### EXERCISE:
Copy out the data exactly as it appears, without a single image.

### DATA EXTRACT:
= = = = =

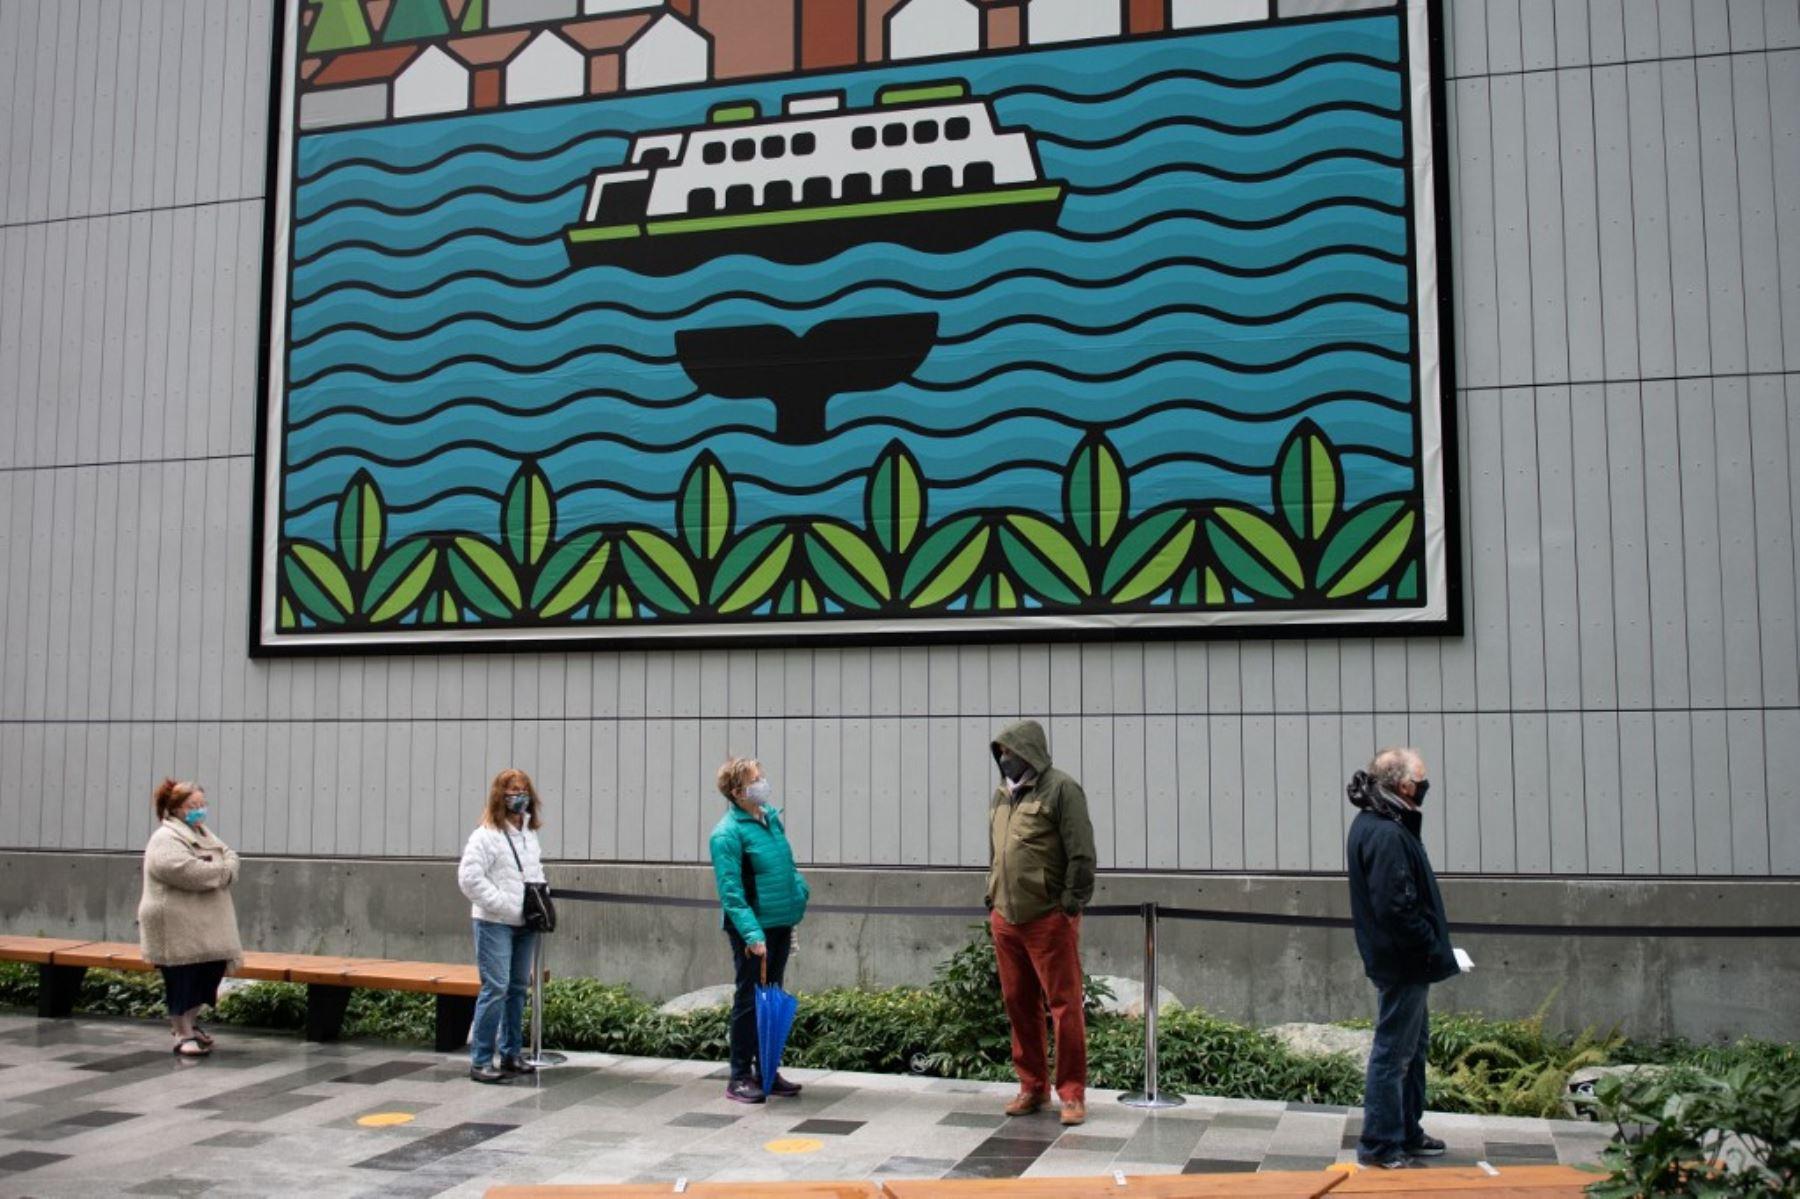 Los pacientes esperan en la fila para su cita de vacunación Covid-19 con Virginia Mason, en el Amazon Meeting Center en el centro de Seattle, Washington. Foto: AFP
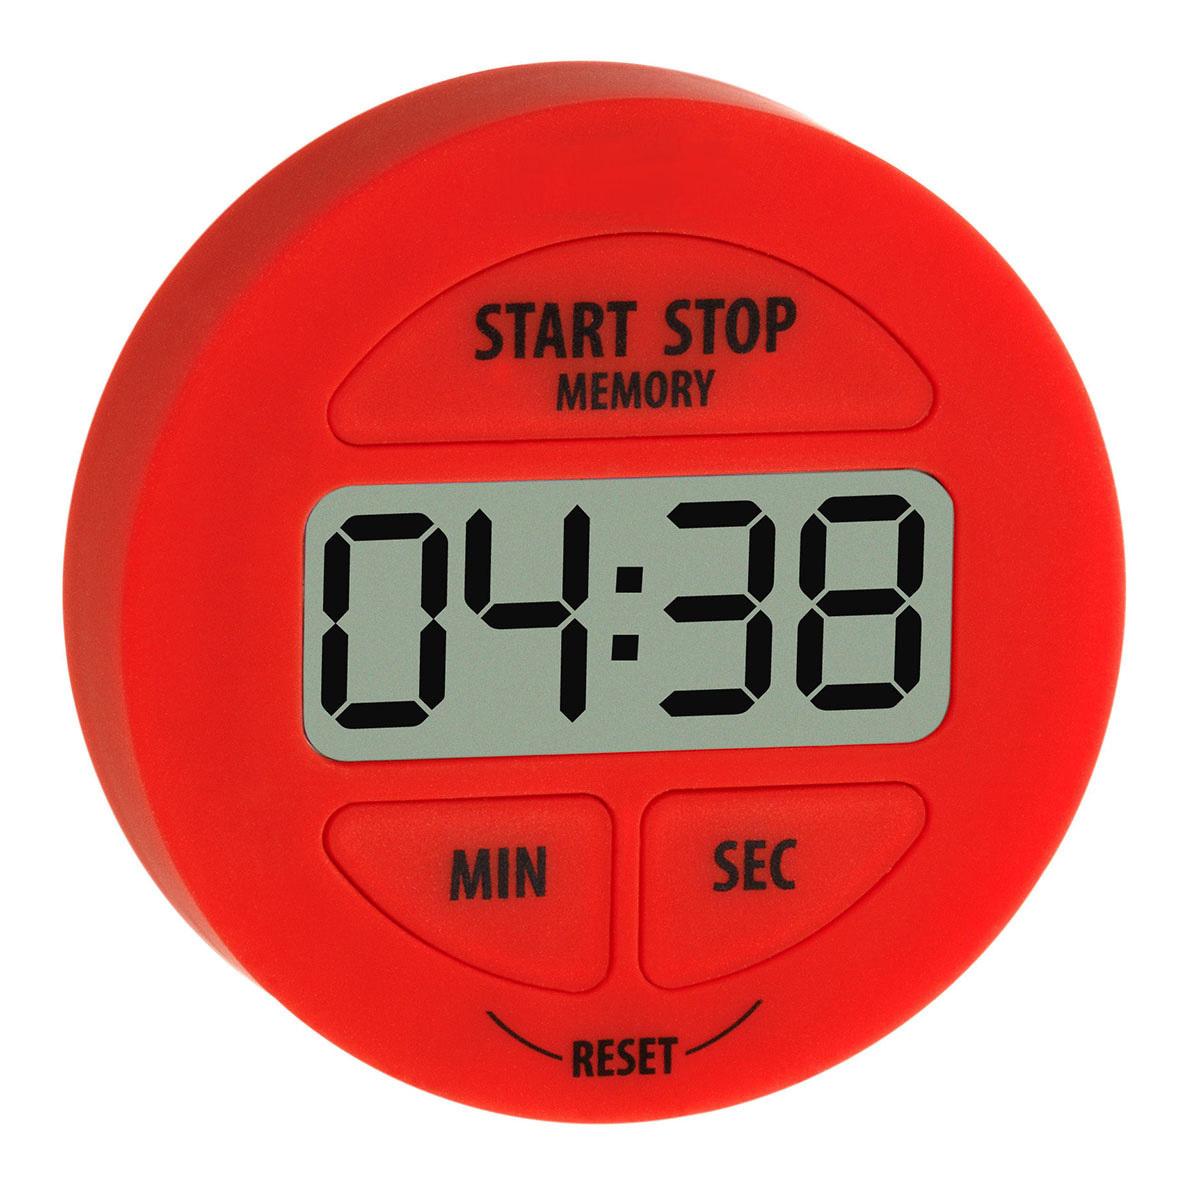 38-2022-05-digitaler-timer-stoppuhr-1200x1200px.jpg
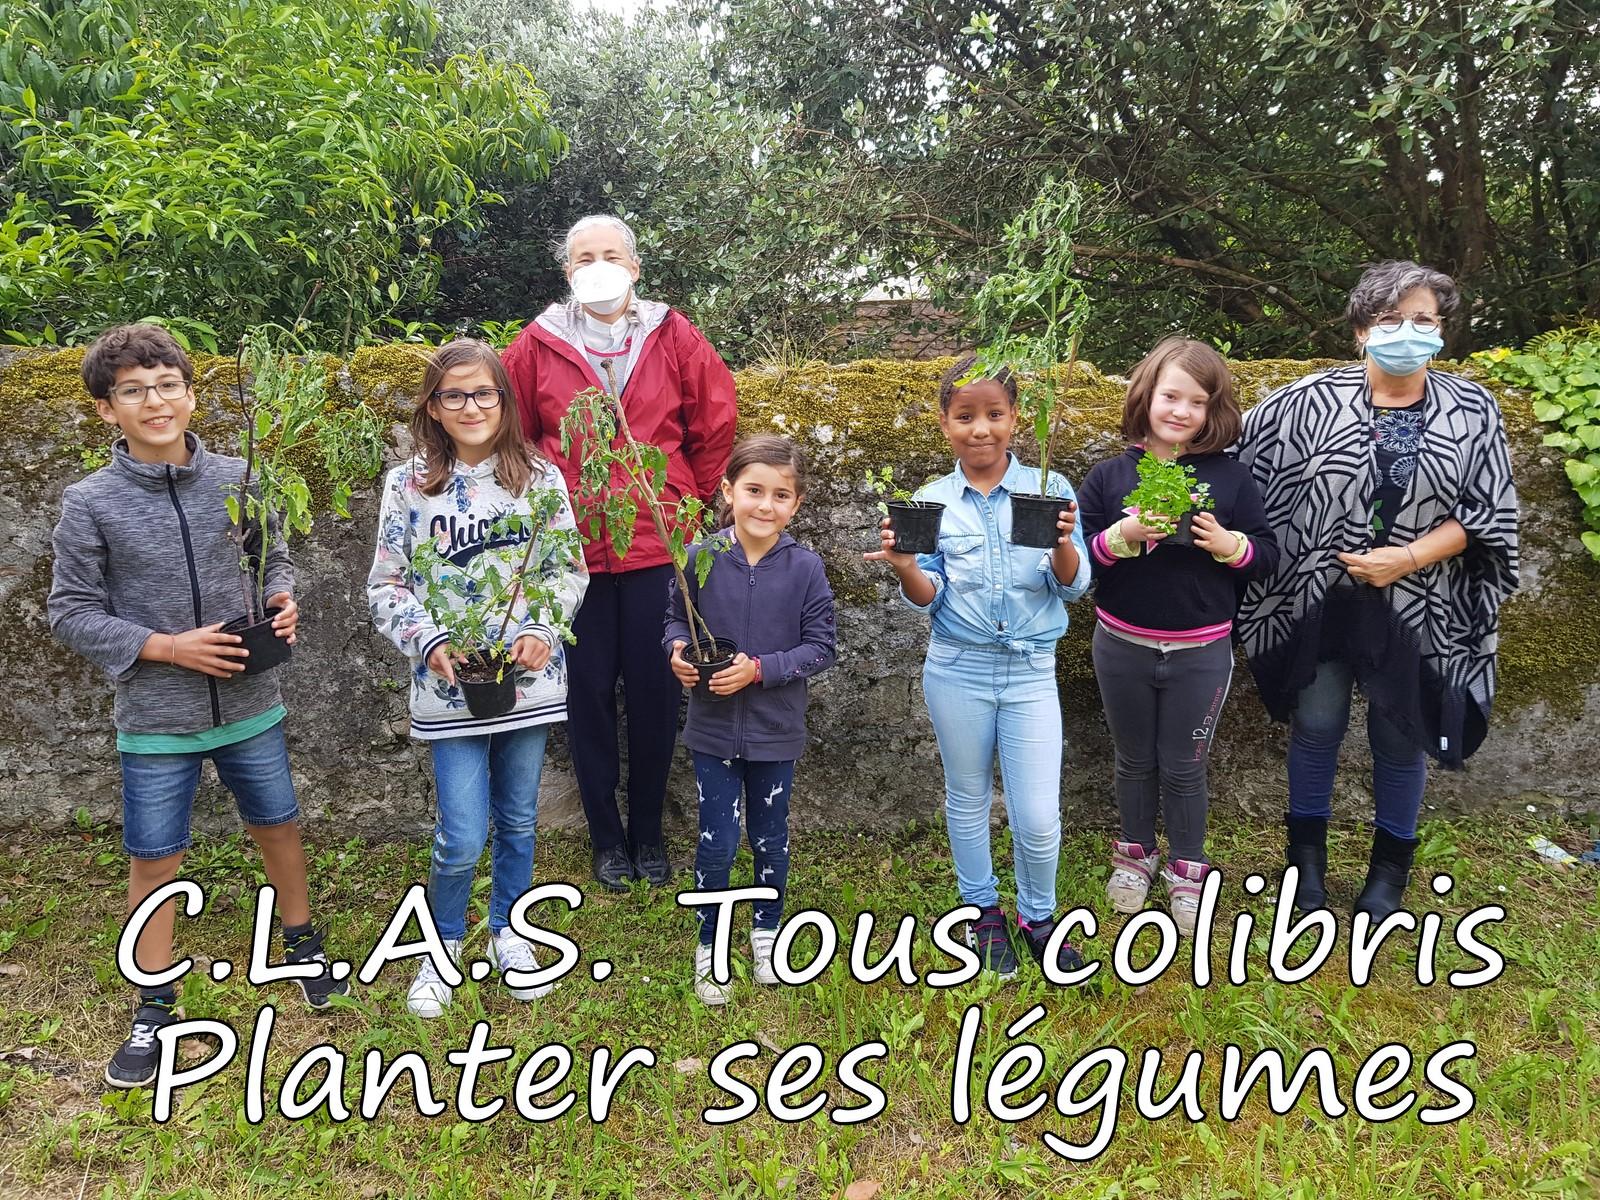 CLAS-Tous-Colibris-Planter-ses-legumes

= = = = =

### EXPECTED OUTPUT:
 Los pacientes esperan en la fila para su cita de vacunación Covid-19 con Virginia Mason, en el Amazon Meeting Center en el centro de Seattle, Washington. Foto: AFP
 38-2022-05-digitaler-timer-stoppuhr-1200x1200px.jpg
 CLAS-Tous-Colibris-Planter-ses-legumes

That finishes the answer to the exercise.